Boost for mineral-rich states as SC allows them to recover from Centre royalty & tax dues since 2005
New Delhi, Aug 14 (PTI) In a major victory for mineral-rich states, the Supreme Court on Wednesday allowed them to recover from the Centre and mining companies royalty and tax dues on mineral rights and mineral-bearing lands worth thousands of crore of rupees since April 1, 2005 over a period of 12 years.
In a majority 8:1 verdict on July 25, the top court had ruled that the legislative power to tax mineral rights vests in states and not Parliament.
On Wednesday, pronouncing a related judgement on behalf of the nine-judge constitution bench, Chief Justice DY Chandrachud rejected the arguments of the Centre and mining companies, including Public Sector Undertakings (PSU), for operationalising the July 25 verdict with prospective effect.
During a hearing on the issue on July 31, the Centre had opposed the demand of states for refund of royalty levied on mines and minerals since 1989, saying if the July 25 verdict is implemented with retrospective effect, the PSUs, according to initial estimates, would lose more than Rs 70,000 crore.
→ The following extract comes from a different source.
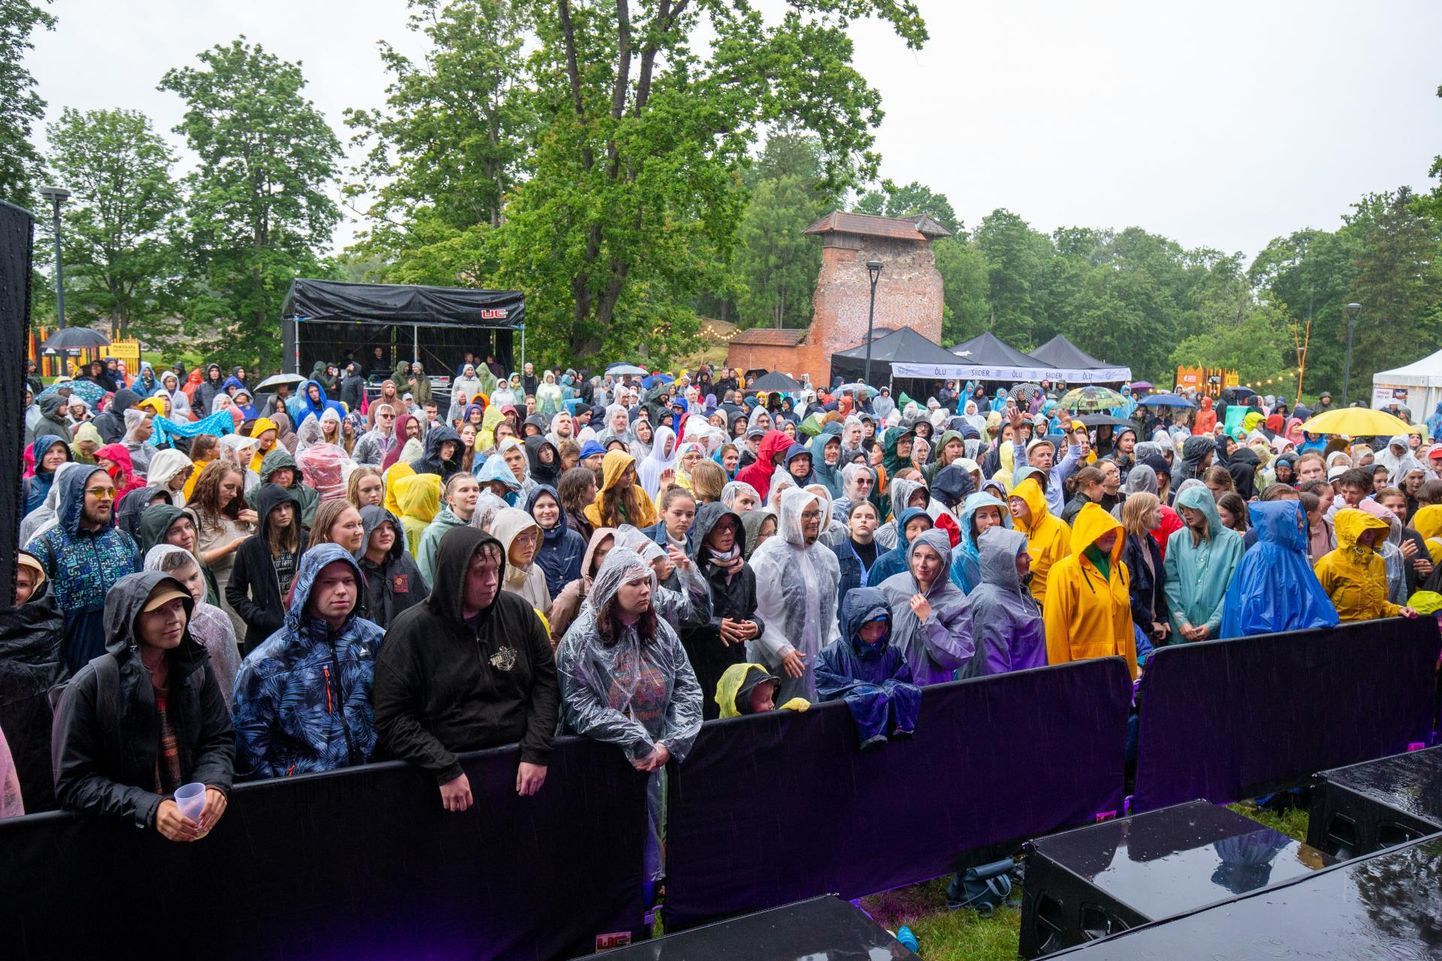 Viimati kogunes Viljandisse palju rahvast kontsertide "Pärimusa 2.0" ajal. Koroonaviiruse hirmus praegu kontserte Viljandis tühistatud ei ole.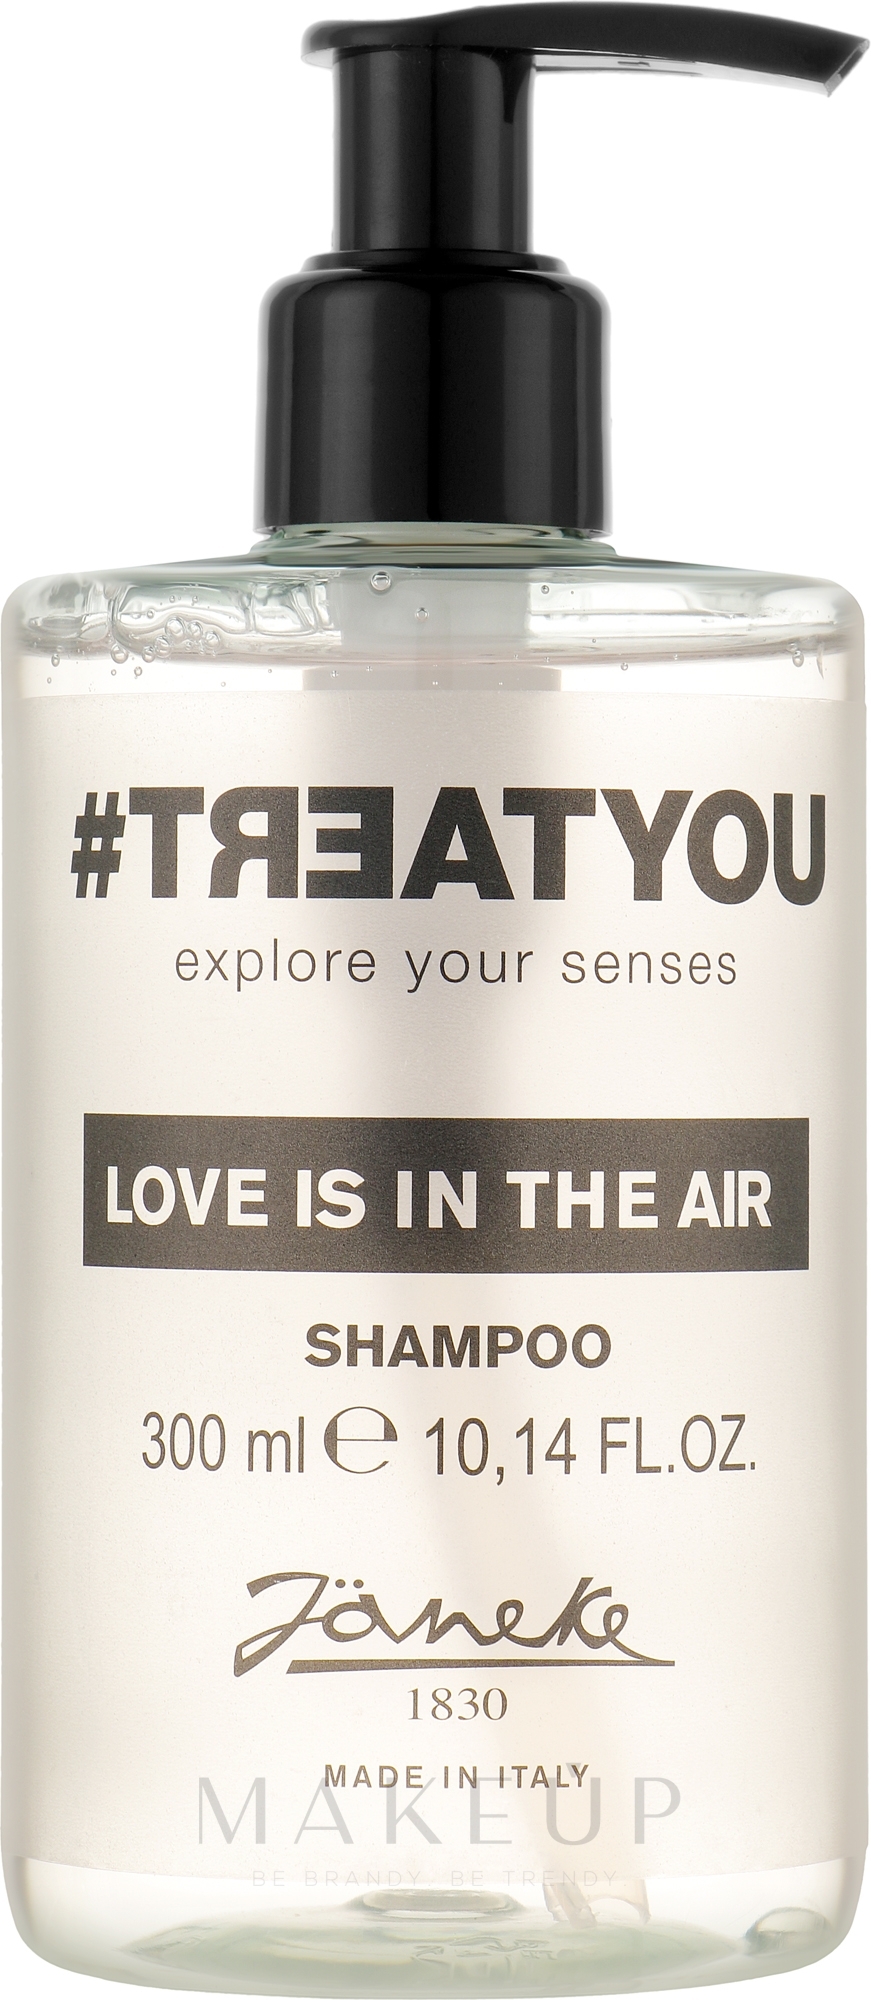 Shampoo - Janeke #Treatyou Love Is In The Air Shampoo — Bild 300 ml

The bench, also comprising Justices Hrishikesh Roy, Abhay S Oka, JB Pardiwala, Manoj Misra, Ujjal Bhuyan, Satish Chandra Sharma and Augustine George Masih, noted the submission of the Steel Authority of India Limited (SAIL) that it stands to lose around Rs 3,000 crore in the event of the judgement coming into force retrospectively.
CJI Chandrachud said the Wednesday’s verdict will be signed by eight judges of the bench who had delivered the majority judgement on July 25. He said Justice Nagarathna will not sign the verdict as she had given a dissenting view on July 25.
“While the States may levy or renew demands of tax, if any, pertaining to Entries 49 and 50 of List II of the Seventh Schedule in terms of the law laid down in the decision in MADA (Mineral Area Development Authority) (July 25 verdict) the demand of tax shall not operate on transactions made prior to April 1, 2005,” the court ordered.
It said the time for payment of the demand of tax by the states shall be staggered in instalments over a period of 12 years commencing from April 1, 2026.
The bench said bearing in mind the consequences that would emanate from the past, it has imposed the conditionalities and directed that the levy of interest and penalty on demands made for the period before July 25, 2024 shall stand waived for all the assessees.
“Taking into consideration the lapse of more than three decades since India Cement (1989 verdict) and more than a decade since the matter was referred to a larger bench, equities will be balanced if the state governments waive the outstanding interest accrued on the principal due from the assessees,” it said.
On the submission of the Centre that some states like Madhya Pradesh and Rajasthan do not wish to collect the dues accrued in view of July 25 verdict, the bench said it is the prerogative of the state legislatures to determine whether to forego the dues for the period before July 25, 2024.
Giving the reasons for its finding, the bench said, “MADA (July 25 verdict) has upheld the legislative competence of States under Entries 49 and 50 of List II. If MADA is given a prospective application, the validity of all relevant legislation enacted before the date of the decision, that is July 25, 2024, will have to be tested on the touchstone of the previous law.”
It said the previous law on the aspects of interpretation of different entries related to taxation of mineral rights was unsettled because of the two conflicting decisions of the apex court in India Cements (1989 verdict) and Kesoram Industries (2004 judgement).
“There is always a presumption of constitutionality in favour of a statutory enactment. It is based on the theory that the elected representatives are aware of the needs of the citizens and are best placed to frame policies to resolve them. Legislation represents the will of the people and cannot be lightly interfered with unless it transgresses constitutional principles,” the bench said.
It added if MADA verdict is applied prospectively, the relevant taxing legislations may conceivably be invalidated, requiring the states to refund the amount collected to the assesses.
“Since the MADA verdict has answered the reference and resolved the conflict, it would be iniquitous to apply the decision prospectively,” it held.
The bench said Article 265 of the Constitution prescribes that no tax shall be levied or collected except by authority of law and the law must be valid in the sense that it must be within the legislative competence of the legislature and consistent with other provisions of the Constitution.
The top court noted that after the 1989 verdict of the seven-judge constitution bench, which held that states do not have power to levy cess on royalty, Parliament enacted the Cess and Other Taxes on Minerals (Validation) Act of 1992 to validate the imposition and collection of taxes on minerals made under the state legislations before 1991.
It said the Centre also increased the rates of royalty to compensate the states for the loss of mineral revenue.
“A pragmatic solution to reconcile the financial interests of the States and the assessees can be achieved by proscribing the States from demanding taxes pertaining to Entries 49 and 50 of List II of the Seventh Schedule for the period before Kesoram (2004 verdict),” it added.